President Biden’s “Summit for Democracy” begins tomorrow with the laudable aim to reenergize global commitment to democracy during a dangerous period of backsliding and rising authoritarianism. Yet the process — organization, content design, and participant selection — has been, ironically, less than democratic. The agenda, selection of participants, and drafting of commitments mostly took place behind closed doors and would have benefitted from co-creation with civil society.
The event this week, however, is only the beginning of a process and presents an opportunity for the administration to take a more transparent and inclusive approach going forward.
Allowing a broad range of organizations and experts on the Summit’s key themes review draft agendas would create a more dynamic program. While too many “cooks in the kitchen” is not ideal in conference organization — or, authoritarians would argue, in governing — one on democracy should tolerate the messiness of inclusion. More decentralized decision-making would also help broaden accountability. Even members of the U.S. Congress wrote a letter to the White House saying they had received little information about the event and felt that as actual democratically-elected representatives, they might have something to offer.
Rather than have a summit of democrats — activists and innovators from anywhere across the globe — organizers adopted a state-based approach by inviting country leaders. Therefore Philippine President Rodrigo Duterte, who has eroded checks and balances, gleefully engaged in extrajudicial killings, created a deadly environment for journalists, and encouraged a culture of misogyny, will represent Philippine democracy.
The criteria used for selecting countries are also not clear. When the list was finally released, it was evident that independent democratic assessments, like that of International IDEA, were not followed. The authoritarian regime in the Democratic Republic of the Congo was invited, while Bolivia, a mid-performing democracy, was not. Zambia, Niger, and Angola were also invited though they perform no better than Sri Lanka, Tunisia, or Sierra Leone, who were not. These inconsistences could all have been avoided by moving away from a state-based model.

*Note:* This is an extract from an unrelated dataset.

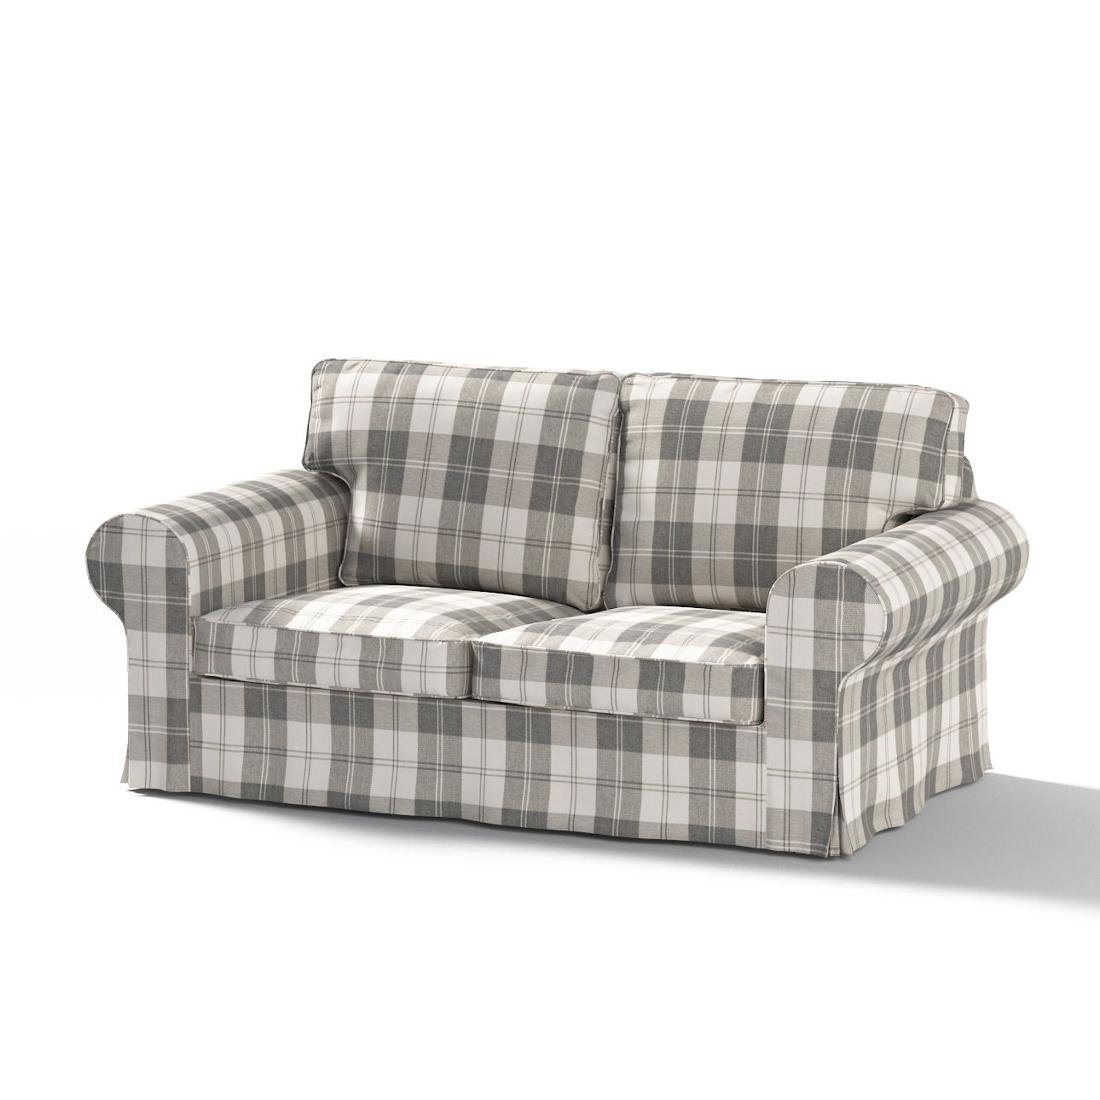 Dekoria Pokrowiec na sofę Ektorp 2-osobową rozkładaną model po 2012 krata szaro-biała 200 x 90 x 73 cm Edinburgh 1016-115-79

Having a summit of country leaders also leaves out democrats from civil society, opposition parties, and other sectors who are unluckily living in the uninvited countries but who so desperately need alliances and global solidarity to strengthen their efforts.
While certainly it would be laughable to have Prime Minister Hun Sen speak about Cambodian democracy, brave Cambodian activists and politicians who have been fighting at great personal risk for democracy could serve as delegates. They would benefit greatly from connecting with groups around the world, hearing best practices and sharing lessons. Just this week, I met with a representative from the political opposition in Hungary — a country not invited — who regretted that the Hungarian opposition was not included.
Invited countries also drafted commitments. While it is unclear how they relate to the existing treaties, conventions, and commitments out there, such as the sustainable development goals (SDGs), Open Government Partnership, and other UN conventions, they could serve to renew and reinforce democratic agency. While in some countries, it appears leaders consulted with outside stakeholders when drafting their democracy roadmap, in others, the ruling party executive moved ahead without any input from the opposition, civil society, or even legislatures.
Having worked with parties and NGOs around the world, I was inundated with emails and calls pleading for advice as to how they could influence their own country’s democracy plan.
The summit will launch a “year of action” and a follow up summit in 2022, presenting the opportunity to shake things up. Follow-on events should be inspirational, promote innovation, and renew connections among the world’s democrats.
First, the 2022 summit should not be one of heads of state but of democrats — a decentralized affair where community organizers, youth leaders, town clerks, LGBTQ activists, election experts, and the diversity of people working to defend their democracies and build democratic resilience come together. Share what’s worked and what hasn’t. As a democracy practitioner of 25 years, I know the most effective and innovative strategies are created this way, rarely by the executive.
Second, the administration could outsource agenda development to a wide range of players, perhaps creating “summits” in each region of the world. The organizers could build an interactive online platform where democrats could organize their own panels, upload videos, stream podcasts on a multitude of themes. The summit could be more of an experience than a conference, leveraging technology to bring in as many voices as possible.
Third, the commitments could be live documents. As parliaments have done in many parts of the globe with draft legislation, each country’s commitments could be fully accessible, allowing citizens to comment, suggest changes, and develop benchmarks to measure progress.
Going forward, Biden’s team can democratize the “Summit for Democracy” to engender meaningful action.
Keep in mind, autocrats are having summits of their own, sharing tactics and technologies to suppress democracy. We need new, fresh ideas and a commitment to work together across borders to defend democracy. Going it alone is not an option.
Laura L. Thornton is director and senior fellow at the Alliance for Securing Democracy at the German Marshall Fund.